Comments:Add a Comment 
DadKungFu
Staff Reviewer
March 21st 2025


5893 Comments

Album Rating: 4.0

Wee!

gabba
March 21st 2025


2114 Comments

Album Rating: 3.0

Wow, this review came out really fast, checking it asap.

Azazzel
March 21st 2025


963 Comments


cool review, sounds wild

NexCeleris
Staff Reviewer
March 21st 2025


1964 Comments

Album Rating: 3.6

Fantastic review (and band). Can't wait to spin.

ArsMoriendi
March 21st 2025


42033 Comments

Album Rating: 2.5

Oh yeah the drummer in this band used to also be Godcaster's drummer

ArsMoriendi
March 25th 2025


42033 Comments

Album Rating: 2.5

Part of me wants to commend this for being so original when compared to other bands, but another part of me wants to condemn this for being so derivative of itself



It's like they had 1 super original song idea and made it 10 times in a row



There's a video of them playing in an abandoned subway tunnel, so that's neat: https://www.youtube.com/watch?v=q4Y2SgRtCso&ab_channel=watercopies

DadKungFu
Staff Reviewer
March 26th 2025


5893 Comments

Album Rating: 4.0

I mayyybe erred on the cohesive side of the cohesive/repetitive tightrope, but how well that translates to a full album is up to the listener ig

JohnnyoftheWell
Staff Reviewer
March 26th 2025


63725 Comments

Album Rating: 3.3

this is very silly i enjoy it

tectactoe
March 26th 2025


8584 Comments

Album Rating: 3.5

Almost prefer the self-titled EP by a hair but need to spend a little more time with this before I can be absolutely sure. It's still quite good, though, either way.
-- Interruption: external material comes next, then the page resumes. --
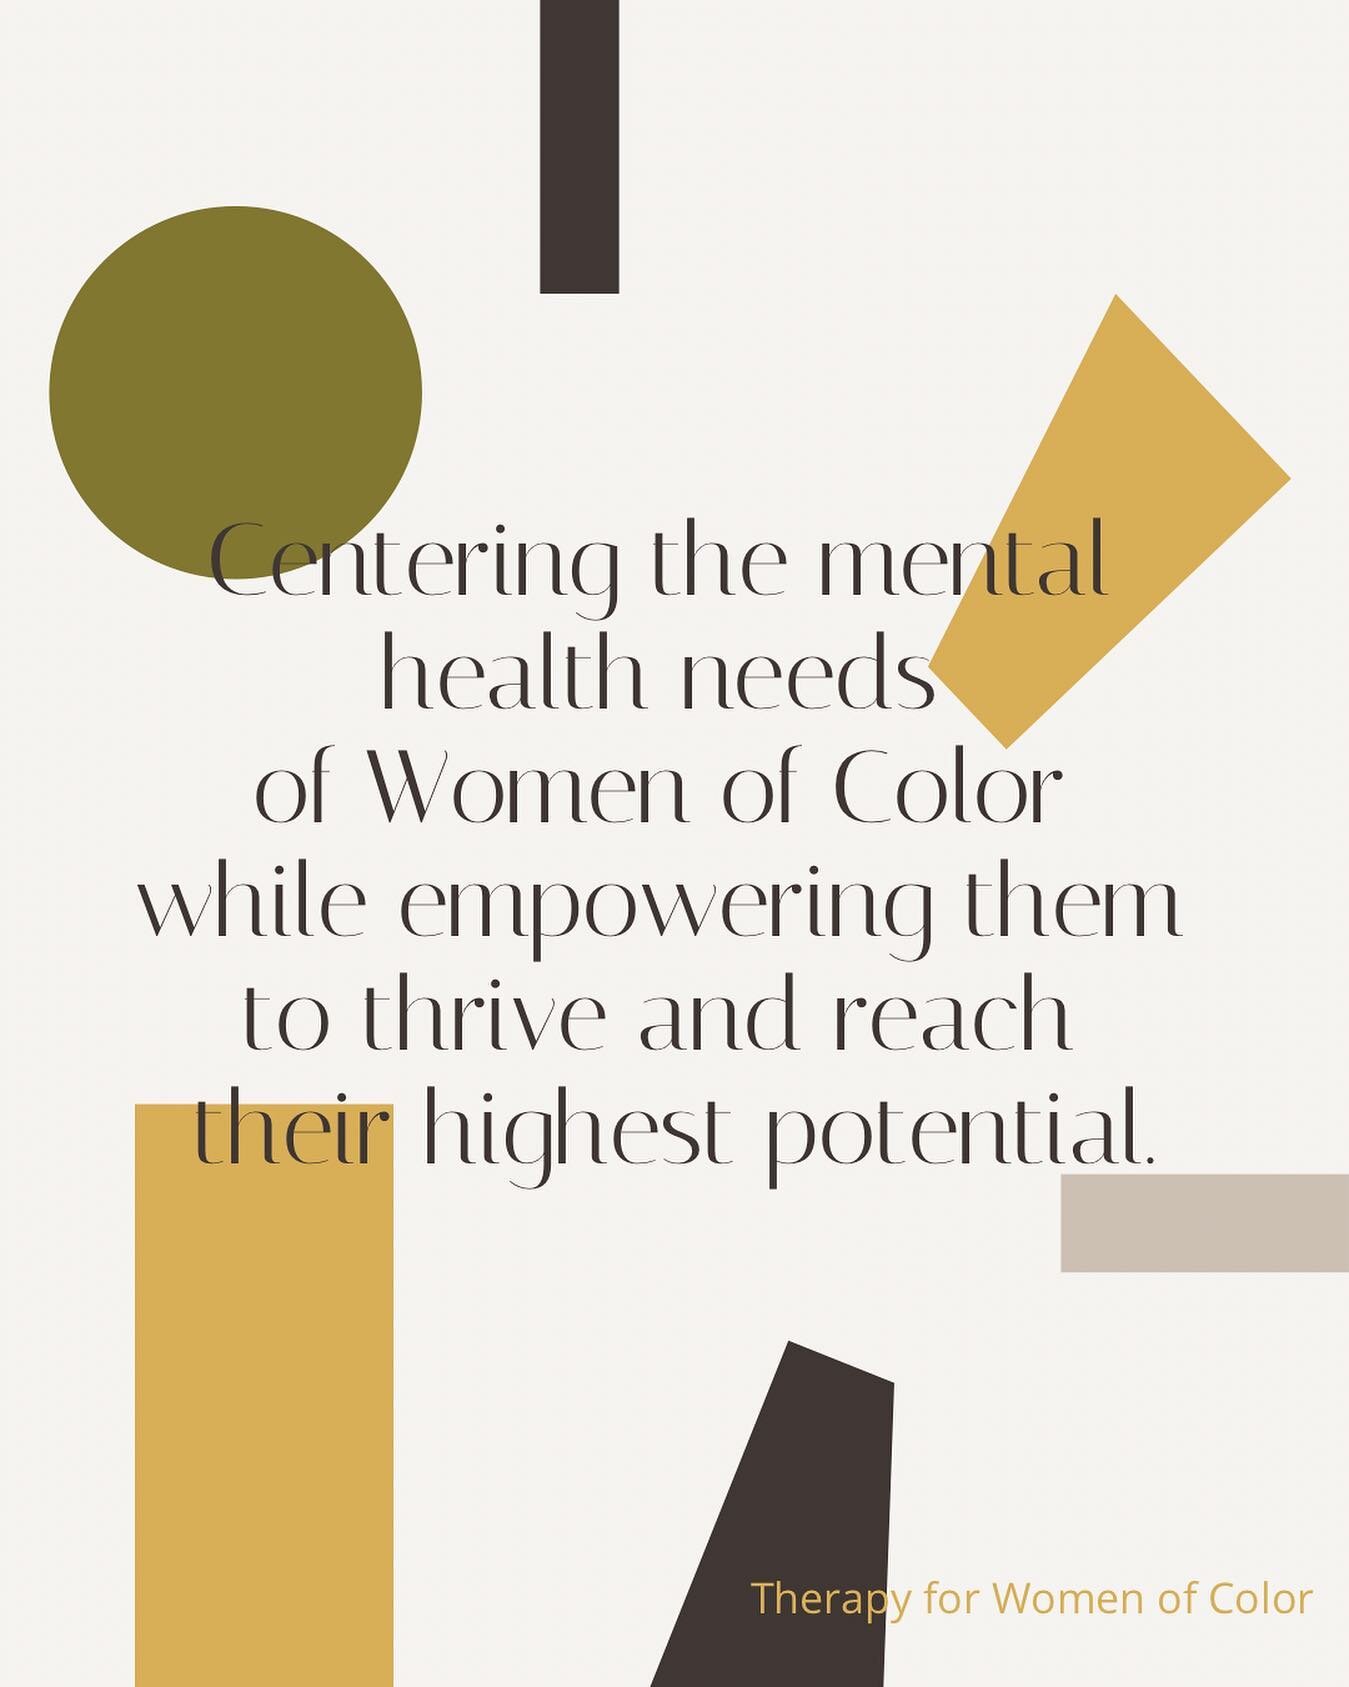 At the core, this is what Therapy for Women of Color is about. 

My aim in starting my practice was and continues to be to provide a safe space that is centered around the needs of Women of Color. I seek to celebrate the various identities of my clie

1. Shocked this got a review on sput so quickly

2. Not at all shocked that DKF was the one to do it



God's work, as they say.

robertsona
Staff Reviewer
March 26th 2025


28518 Comments


“too bright to see” from the crazy named EP is a good standalone

robertsona
Staff Reviewer
March 26th 2025


28518 Comments


Sam definitely a marvel, those spectacular draggy grooves in Godcaster videos til last year are funny to compare to the drums here—much more based on spider-armed fast-ass polyrhythms but still that drag usually. It really is just one dude on 8 weird looking drum surfaces tho

Somehow the band strikes me as limited, but they clearly want you to perceive formal limitations, feature not bug, etc. They’re cool but I’m probably mostly gonna go back to too bright to see

artificialbox
Staff Reviewer
March 27th 2025


3473 Comments

Album Rating: 3.5

really surprised by this. absolutely love the production. they sound borderline tropical at times. wheeee. super mario sunshine ahh noise rock.

robertsona
Staff Reviewer
March 27th 2025


28518 Comments


The tropical touch and the idiosyncratic drumming kind of remind me of Palm, but I suppose only in the abstract

ArsMoriendi
April 3rd 2025


42033 Comments

Album Rating: 2.5

Heard a song from this album playing in my favorite Bushwick Pizzeria just now haha

ArsMoriendi
April 3rd 2025


42033 Comments

Album Rating: 2.5

Now they’re playing a band called voyeurs that’s totally a Sonic Youth clone

DadKungFu
Staff Reviewer
April 4th 2025


5893 Comments

Album Rating: 4.0

most bushwick thing I've ever read

ArsMoriendi
April 4th 2025


42033 Comments

Album Rating: 2.5

If you're ever in Bushwick, check out Fazio's. They specialize in sicilian pizza and their sicilian broccoli rabe slice is ace



(Also check Godcaster's entire discography including the Saltergasp EP cuz same drummer as this)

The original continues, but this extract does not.